Given how high expectations were for Obama, it is most impressive that he got the kind of win that will still resonate in more states. Clinton's hope, of course, is to get a big win in Florida on Tuesday. And despite the state not having any delegates, it will be hard for the press to ignore a contest in which more than a million voters go to the polls. Will that be enough to stop the Obama momentum? Don't forget that about a third of Florida voters have already voted early or absentee according to most estimations, so that is a big share of the vote that will not be affected by the South Carolina results -- and all indications are that Clinton has won big among that group.

Clinton's biggest problem right now is that her strategy is once again being put in question, just as it was after her Iowa loss. It is telling that Obama's collapse in New Hampshire did not lead to this kind of introspection, nor did his Nevada win. But watching the coverage last night, the consensus was that Bill Clinton was directly responsible for his wife's humiliating defeat.
And indeed, comments like the one Bill Clinton made yesterday undoubtedly crossed the line of what is acceptable. Asked an unrelated question in the afternoon, Bill unexpectedly brought up Jesse Jackson in a surprisingly transparent attempt to bring up race: "Jesse Jacksonwon South Carolina twice, in ’84 and ’88. And he ran a good campaign. Senator Obama has run a good campaign here, he has run a good campaign everywhere."

As the consensus now is that Bill Clinton is radioactive, he will no doubt become so with every one of his words being dissected. Obama's criticism that he is running against both Clintons will be treated much more legitimately after the South Carolina results. Expect a deluge of stories like this one from the New York Times.

It is worth asking, however, how much if at all Bill did hurt Hillary yesterday. There were two questions in the exit poll to measure Clinton's impact. First, Obama overwhelmingly prevailed among those who made up their mind in the past 3 days -- the period in which Bill's criticisms were the most widely aired. But of the 60% who said that Bill's campaigning was important in their choice, Obama was ahead but by a margin much inferior to his overall lead, so there is no explicit backlash registered here. Another statistic that we can use is Obama's 24% among white voters -- what accounts for his rise out of the teens? If it is whites reacting to an attempt to make the electorate polarized and make them look racist, Bill Clinton could indeed be faulted. Overall, this will force the Clinton camp to reassess how they want to use Bill Clinton.

And just like that the campaign goes national. The candidates cannot really campaign in Florida -- though Clinton will reportedly travel there for private fundraiser! -- so they now have to concentrate on February 5th. Obama will have to transition fast from states in which he had campaigned for months and in which he had an impeccable organization to states in which he will have to rely on momentum and buzz to counter Clinton's organizational advantage.
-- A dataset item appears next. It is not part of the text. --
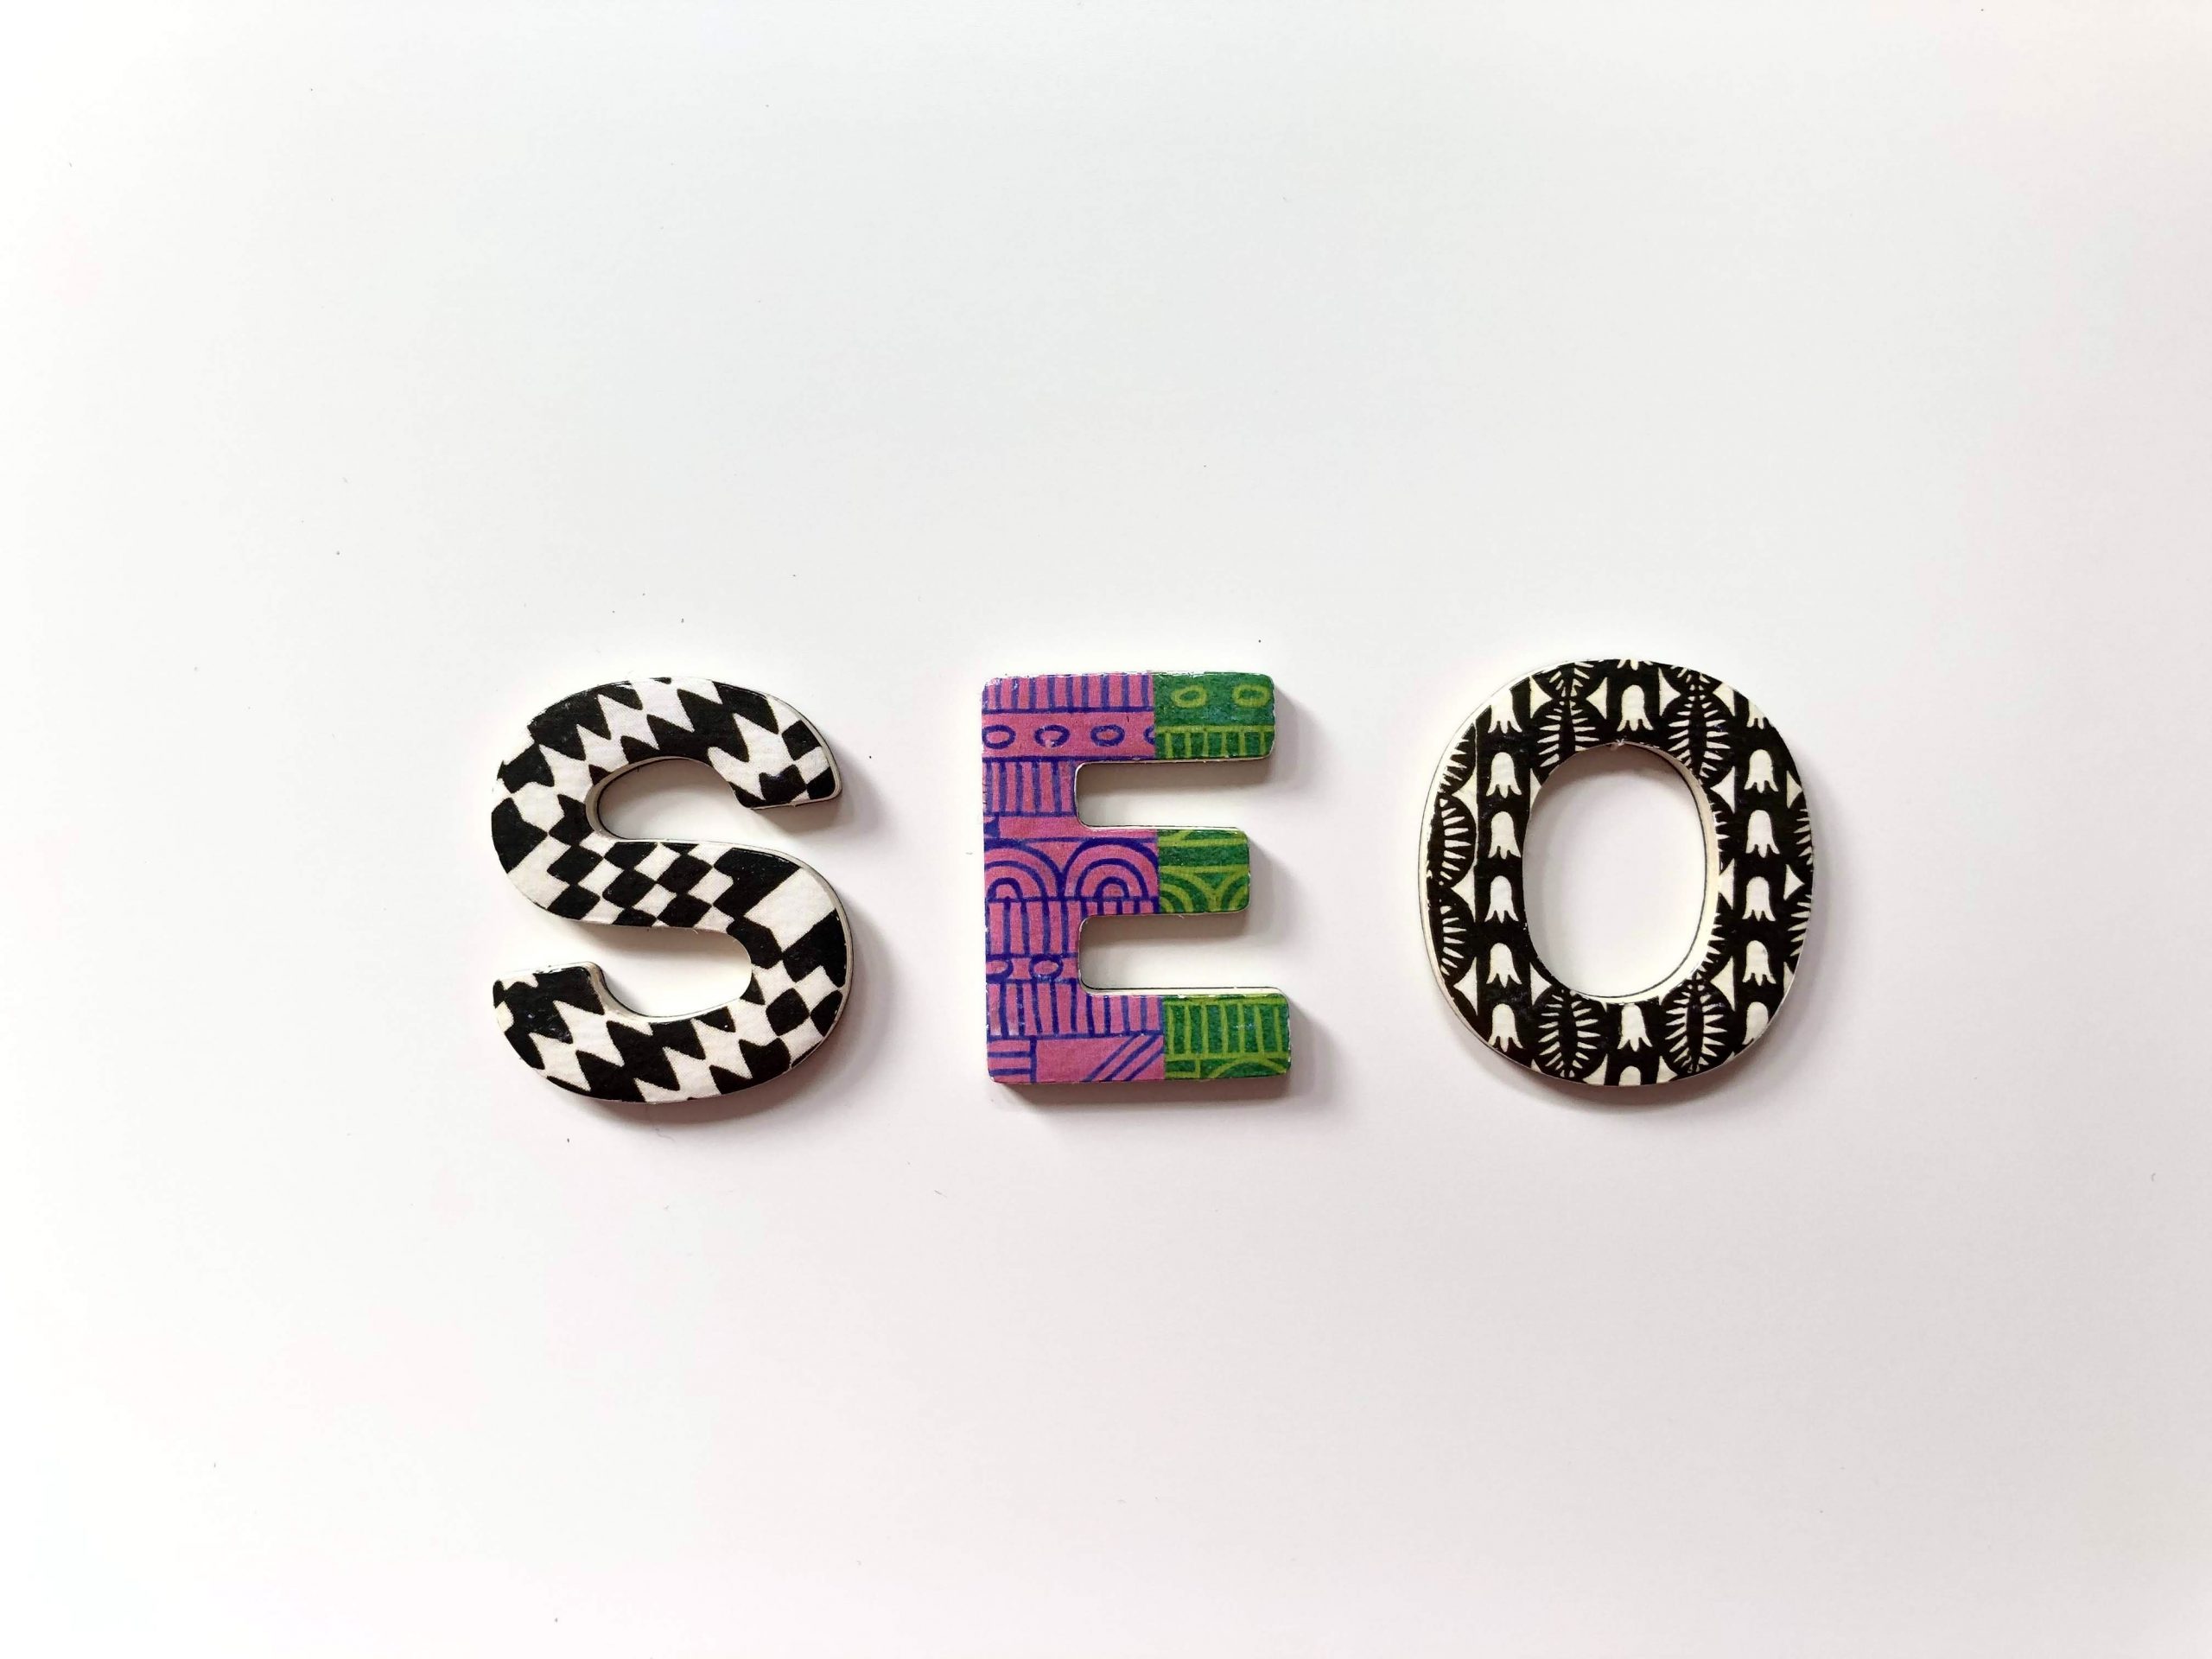 What Is Seo And Why Must I Care?
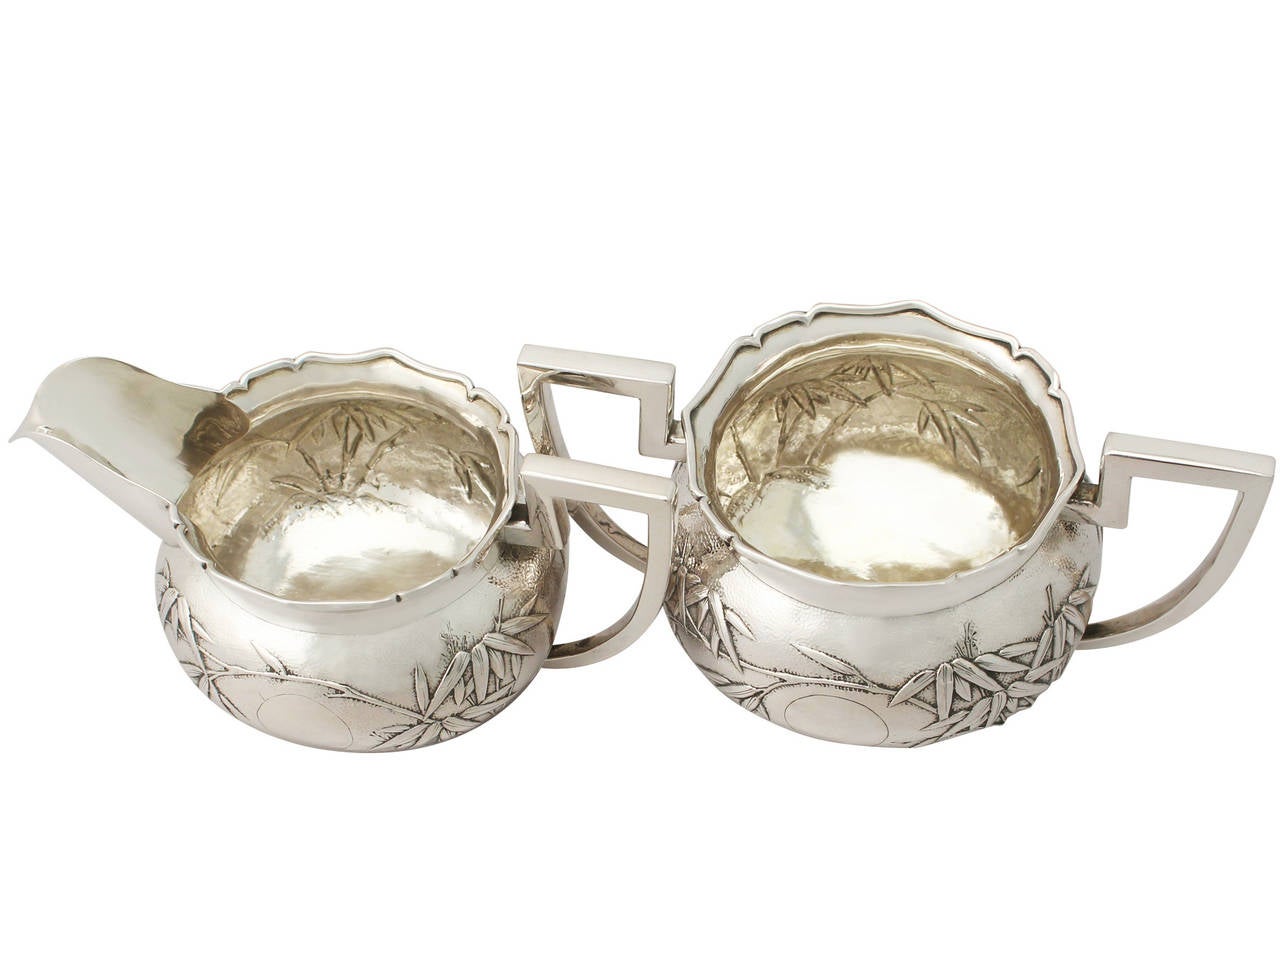 1900s Chinese Export Silver Cream Jug / Creamer and Sugar Bowl For Sale 4

The polls still show Hillary with significant leads in most Feb. 5th states, for example in California and Missouri, for example, that Obama needs to target; he particularly needs to attack the interior states to show that Clinton has trouble winning anywhere but the coasts.

The next few days will tell us how much South Carolina has changed the situation in the Democratic race, though remember how short-lived Obama's bounce out of Iowa (or Clinton's bounce out of New Hampshire and Nevada) ended up being.